Book Synopsis Félix Ravaisson by : Mark Sinclair

Download or read book Félix Ravaisson written by Mark Sinclair and published by Bloomsbury Publishing. This book was released on 2016-10-20 with total page 355 pages. Available in PDF, EPUB and Kindle. Book excerpt: This reader makes the key essays of 19th century French philosopher Félix Ravaisson available in English for the first time. In recent years, Ravaisson has emerged as an extremely important and influential figure in the history of modern European philosophy. The volume contains the classic 1838 dissertation Of Habit, studies of Pascal, Stoicism and the wider history of philosophy together with the Philosophical Testament that he left unfinished when he died in 1900. The volume also features Ravaisson's work in archaeology, the history of religions and art-theory, and his essay on the Venus de Milo, which occupied him over a period of twenty years after he noticed, when hiding the statue behind a false wall in a dingy Parisian basement during the Franco-Prussian war, that it had previously been presented in a way that deformed its original bearing and meaning. Félix Ravaisson: Selected Essays contains an introductory intellectual biography of Ravaisson, which contextualises each of the essays in the volume. It also features an annotated bibliography of suggested further reading. This book will grant scholars and students alike wider access to his distinctive contribution to the history of philosophy.

Living Currency

Living Currency
Author :
Publisher : Bloomsbury Publishing
Total Pages : 139
Release :
ISBN-10 : 9781472512376
ISBN-13 : 1472512375
Rating : 4/5 (76 Downloads)

Book Synopsis Living Currency by : Pierre Klossowski

Download or read book Living Currency written by Pierre Klossowski and published by Bloomsbury Publishing. This book was released on 2017-04-06 with total page 139 pages. Available in PDF, EPUB and Kindle. Book excerpt: 'I should have written you after my first reading of The Living Currency; it was already breath-taking and I should have responded. After reading it a few more times, I know it is the best book of our times.' Letter to Pierre Klossowski from Michel Foucault, winter 1970. Living Currency is the first English translation of Klossowski's La monnaie vivante. It offers an analysis of economic production as a mechanism of psychic production of desires and is a key work from this often overlooked but wonderfully creative French thinker.

Mallarme

Mallarme
Author :
Publisher : Bloomsbury Publishing
Total Pages : 111
Release :
ISBN-10 : 9781441141828
ISBN-13 : 1441141820
Rating : 4/5 (28 Downloads)

Book Synopsis Mallarme by : Jacques Rancière

Download or read book Mallarme written by Jacques Rancière and published by Bloomsbury Publishing.
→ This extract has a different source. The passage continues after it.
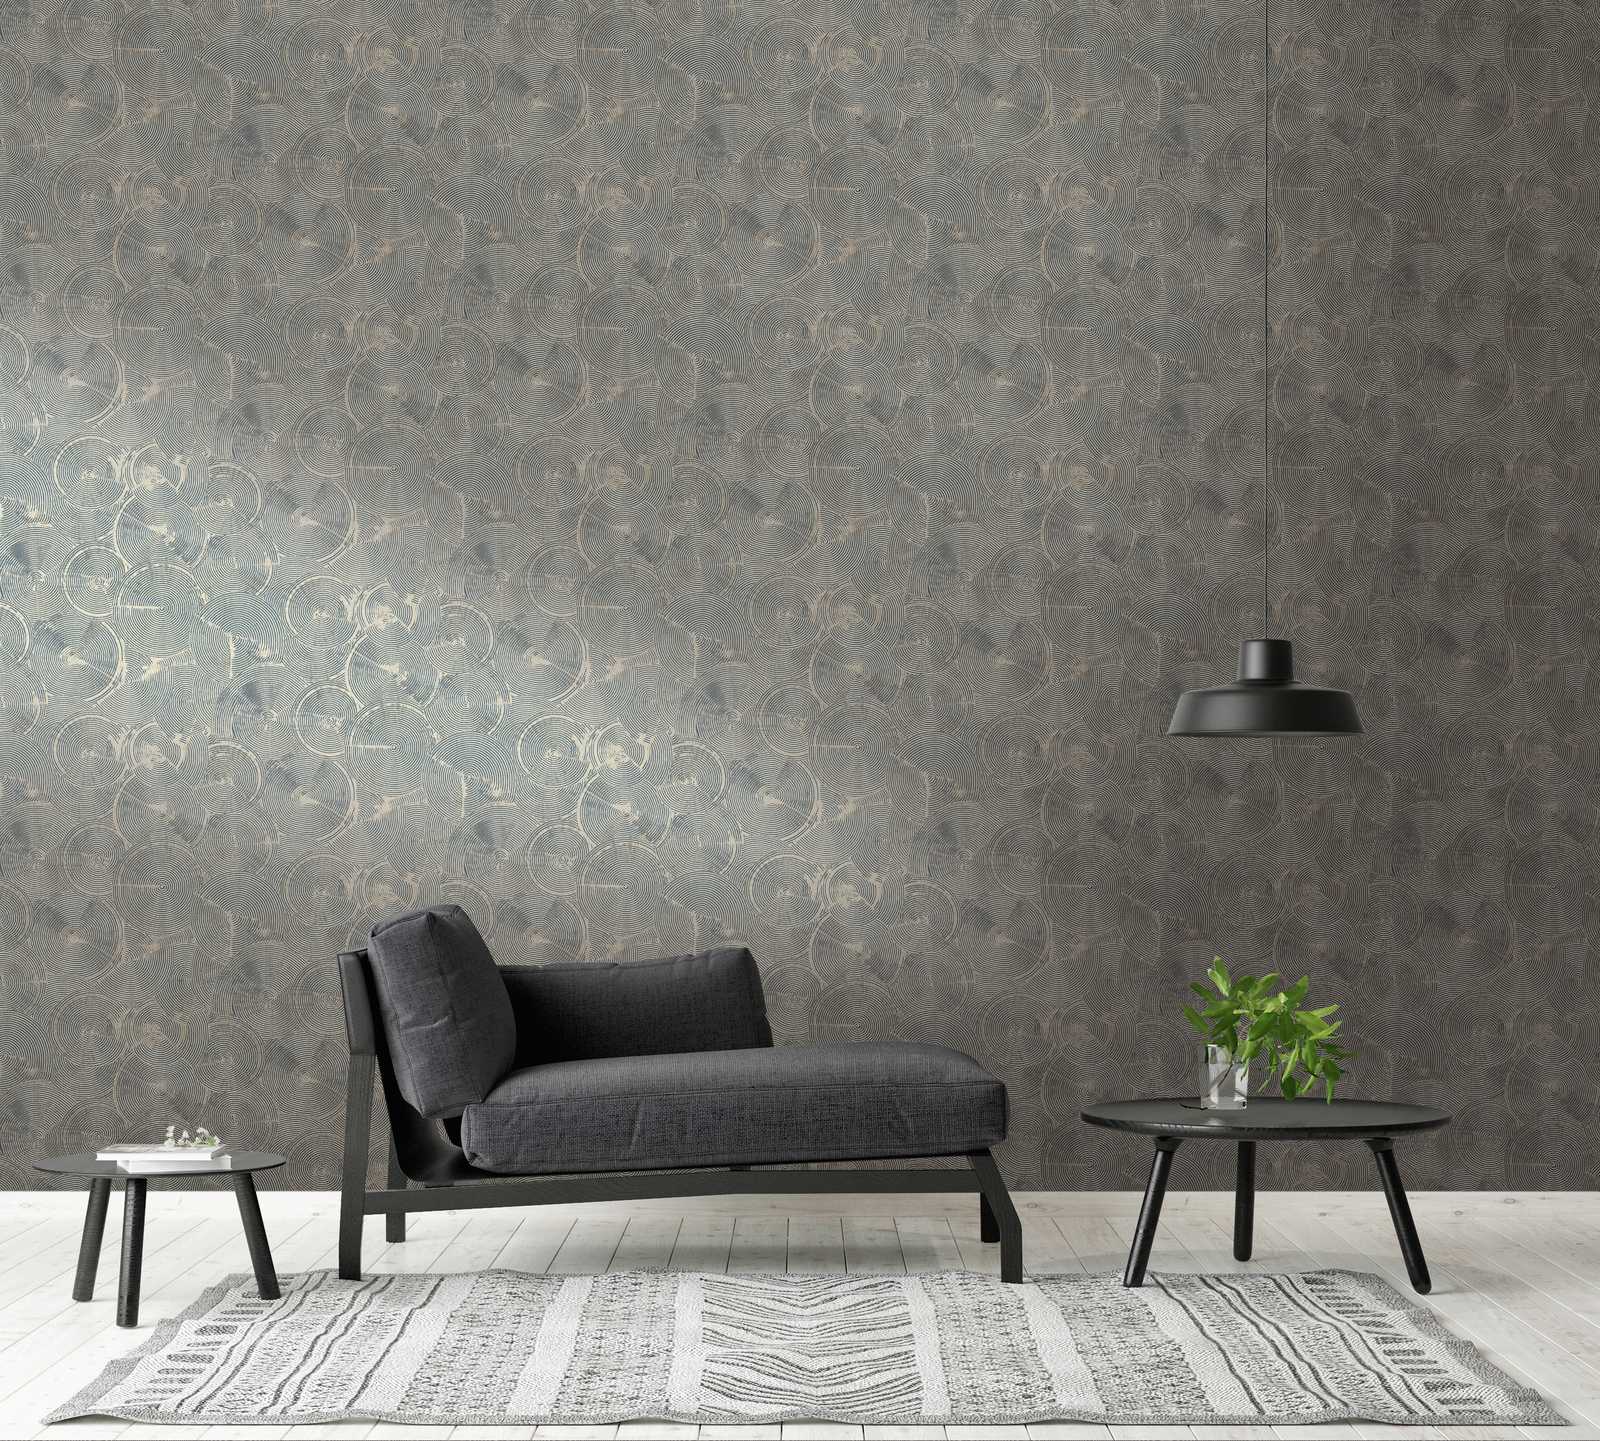             behang moderne gipslook met metallic effect - bruin, metallic, zwart

This book was released on 2011-06-16 with total page 111 pages. Available in PDF, EPUB and Kindle. Book excerpt: In this concise and illuminating study, Jacques Rancière, one of the world's most popular and influential living philosophers, examines the life and work of the celebrated nineteenth-century French poet and critic, Stéphane Mallarmé. Ranciere presents Mallarmé as neither an aesthete in need of rare essences and unheard-of words, nor the silent and nocturnal thinker of some poem too pure to be written. Mallarmé is the contemporary of a republic that is seeking out forms of civic worship to replace the pomp of religions and kings. If his writing is difficult, it is because it complies with a demanding and delicate poetics that is itself responding to an exceptional awareness of the complexity of an historical moment as well as the role that poetry ought to play in it.